Can I use my firearm to defend my home or property? How about while I’m out trick-or-treating with my kids or grandkids? Generally, there isn’t going to be anything different regardless of the fact that it’s Halloween. The State of Ohio doesn’t change anything based on the day or special activity, nor can local municipalities do anything to infringe upon your state given right to carry your loaded firearm during Halloween activities.

So first of all, let’s talk about defending property because as we all know, Halloween is a time where some people, usually teenagers, take the opportunity to cause damage or commit thefts from houses or businesses around the area. It certainly can be more than a little distressing to come out one morning and find all of your pumpkins smashed or your decorations destroyed or even stolen. While we try to make sense of the why, we must remember that in the State of Ohio you can never use deadly force to protect property.

So, don’t let your emotions overcome you and cloud your judgment. If you hear vandals outside and you confront them, do not act in a rash fashion and threaten to use deadly force to prevent the activity because you will quickly find yourself in a serious legal predicament. Even if they are streaming toilet paper through your trees or have a pumpkin over their head, ready to smash it to the ground, use restraint. Obviously, call the police and take whatever other non-deadly measures you find appropriate and safe for you and your family. The pumpkins and decorations are simply not worth being arrested and prosecuted for a serious criminal offense.

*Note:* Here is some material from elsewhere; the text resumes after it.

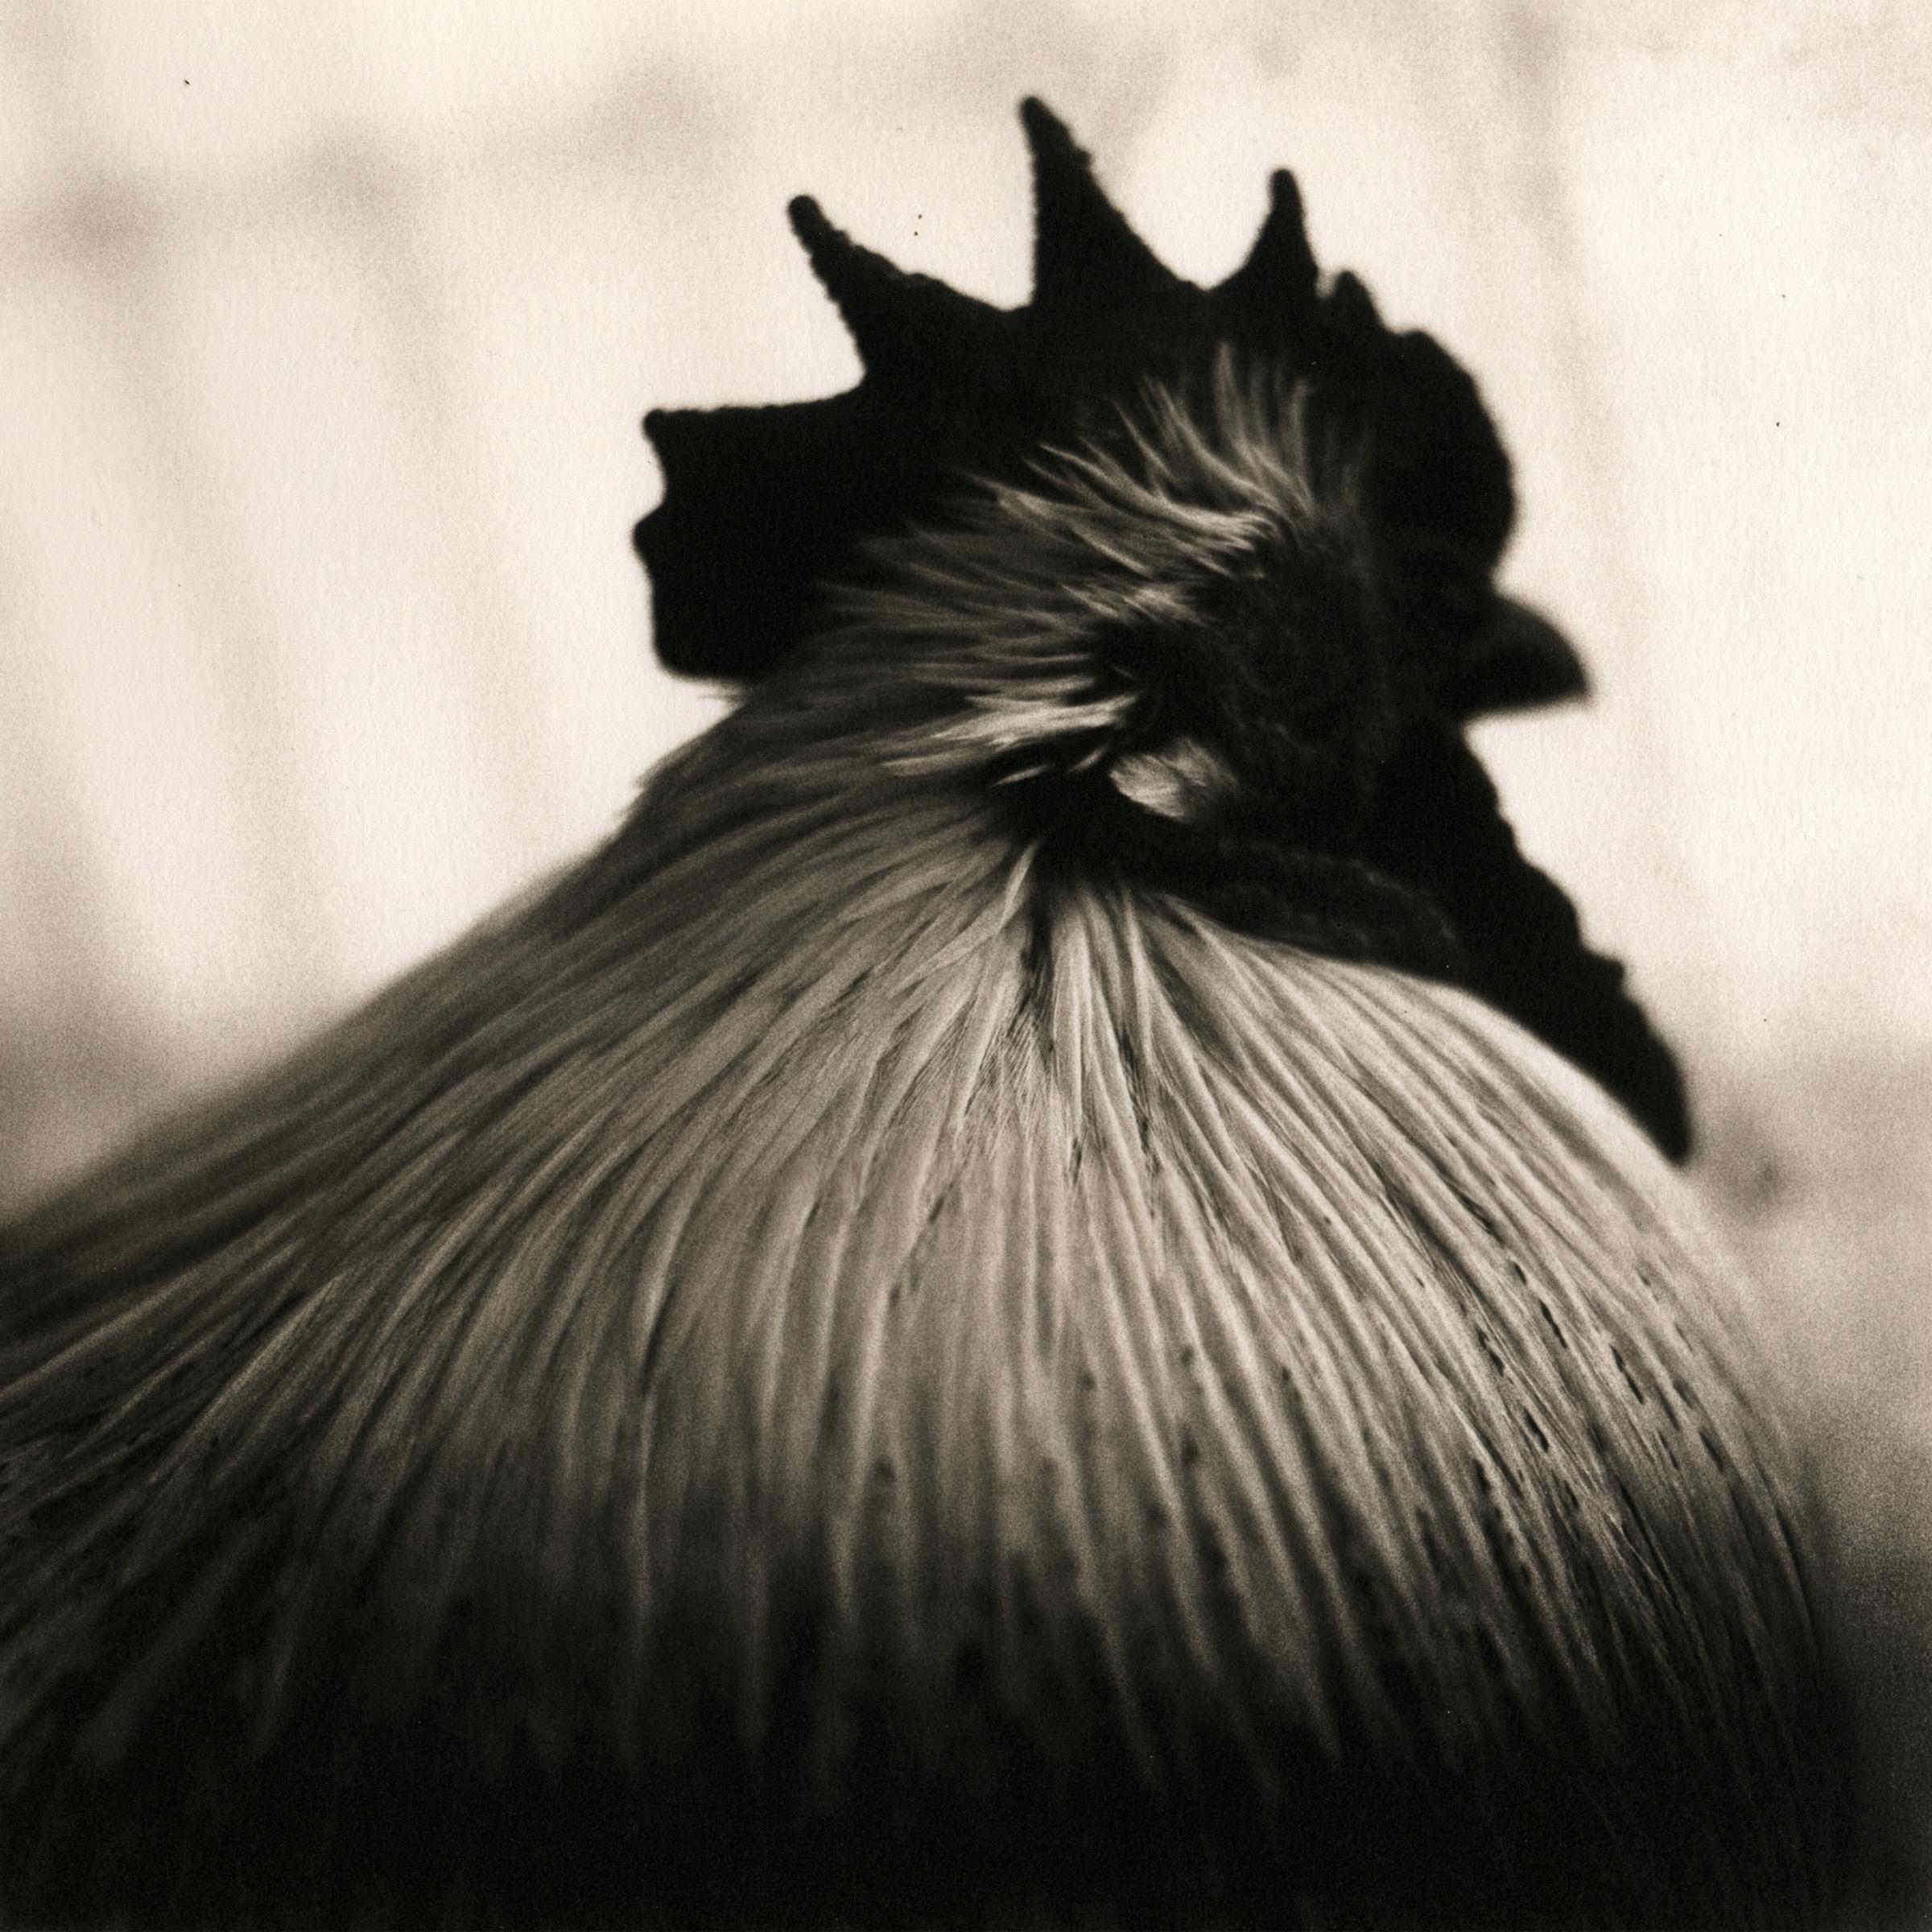 Rooster (El Duque), 2007

Now how about trick-or-treating? Well, you certainly can carry your concealed firearm with a permit to do so or open carry if you do not have a permit. Both are legal in the State of Ohio. There are no special restrictions, as I said, simply because it’s Halloween. All the same rules apply, and you must not use or display your weapon in a manner unwarranted by the situation. You must still have that important, bonafide belief that you are going to suffer potential death or great bodily harm before you can display and use your firearm. That being said, you can protect yourself and others just as if it was any other day.

On a side note, remember that children are obviously going to be out and about while trick-or-treating activities are going on, so extra precautions should be taken when we carry and potentially decide to use our firearms.

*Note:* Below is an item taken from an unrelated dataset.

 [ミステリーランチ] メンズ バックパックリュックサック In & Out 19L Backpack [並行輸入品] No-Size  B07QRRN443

Oklahoma Night Terrors: Defending Against Criminal Mischief

The following is a video transcript.

This is Robert Robles, Independent Program Attorney for U.S. LawShield in the State of Oklahoma. I’d like to talk to you about Halloween night or Mischief Night, as it’s sometimes called in the northeast part of the country. Can you defend your house, car, your land, any of your decorations, and property from the negative pranks played by trick-or-treaters?

Yes, you can use reasonable force and yes, you can use deadly force. However, you can only use deadly force if your home, which is occupied by you, or your car, which is occupied by you, is attacked in a way to set it on fire. This is called arson. If you are on your occupied front yard and you see your pumpkins being smashed, your windows being broken, things like that, your car being vandalized, your trees being vandalized, you can only use reasonable force to defend your property in those instances.

Now, then, let’s move on to what is reasonable force. Reasonable force is less than deadly force, depending on the circumstances. You could use your fists or your voice. You could throw missiles, rocks, or projectiles, as long as it’s not a deadly force situation like a spear or a knife. You could use deadly force in very limited situations, such as a firearm, and it is defined as calculated to cause death or serious bodily injury. In that instance, you may use deadly force only when your life is threatened, or when your occupied home or your occupied vehicle is being attacked.

Carrying while trick-or-treating personally or accompanying a trick-or-treater is allowed in the state of Oklahoma when you have a concealed carry license. There are exceptions for not having a concealed carry license in the state of Oklahoma, which would be if you’re in the military, or if you have a driver’s license from another state that allows constitutional carry such as Kansas, Missouri, Vermont. The list is about 20-some odd states long. Otherwise, you need to have a concealed carry license while carrying.

There is an exception that if you’re on your own private land, you can carry a firearm without a license.

North Carolina Night Terrors: Defending Against Criminal Mischief

The following is a video transcript.

Well, it’s almost that time of year again, when little ones and sometimes not-so-little-ones dress up as their favorite monster, superhero, or literary character and go house-to-house to fill up their candy bags. Yes, I’m talking about Halloween. In many ways, it is a fun night. In other ways, it can be very frustrating, particularly if the treats you give aren’t good enough to keep the tricksters away.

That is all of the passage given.